Replies are listed 'Best First'.
Re^6: Need to speed up many regex substitutions and somehow make them a here-doc list
by Marshall (Canon) on Oct 08, 2022 at 23:24 UTC
    I benchmarked your code with same input file that I was using for other tests with the following results:
    .../ManySubstitutions>perl mceparallel.pl nightfall.txt file: nightfall.txt mins: 0 secs: 5.763 file: nightfall.txt mins: 0 secs: 4.290 file: nightfall.txt mins: 0 secs: 4.179 file: nightfall.txt mins: 0 secs: 4.293
    So this about 3x the speed of my previous single threaded version (exec time was about 12 sec with that one). The slightly longer time seen for the first run is to be expected as this was after a clean reboot and Perl is not in memory yet, etc. I have 16 GB ram on this Win10 machine and after one run, a lot of the disk data winds up in the read cache.

    From what I gather, your MCE code processes things in 64K chuncks. How does it go about determining the boundary for a 64K hunk? Is there a chance that a word or a line could get split between chunks? I guess that there is some slight inefficiency because MCE has to enforce a sequential finishing - and again - I wasn't really sure how that sequencing is done/guaranteed?
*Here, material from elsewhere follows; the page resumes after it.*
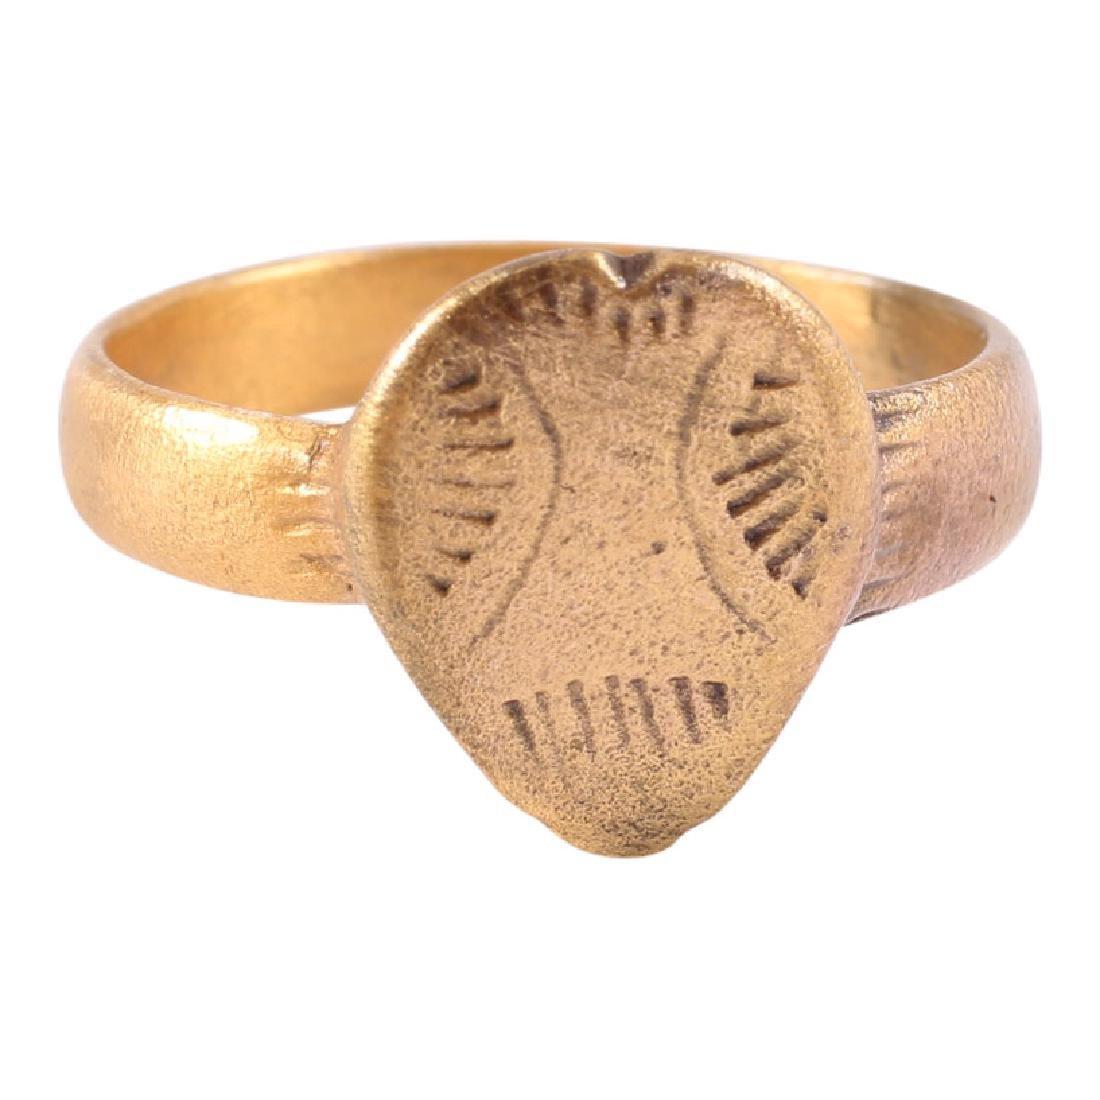 Viking Warrior's Heart Ring, 850-1000

    In the OP's situation, he/she says that there could be millions of files to process. We are just using a single file for benchmarking purposes. In practice, I would think that a scheme that processes say X streams of files simultaneously would be a more simple processing model. Where X is number of cores/cpus. My machine has 4 cores. So, I split the big input file into 4 smaller ones of approximately the same size and show some forking code below....

    I had expected this to be faster than the MCE version because there are no conflicts between forks (or actually virtual forks, i.e. threads on Windows). However that turned out not to be the case. I am a bit disappointed in the performance as I have seen other applications where I can get much closer to the theoretical but not reachable limit of 4x better. But ~3x isn't bad. This fork business is weird on Windows and this code may work a lot better on Unix which can do "real" forks.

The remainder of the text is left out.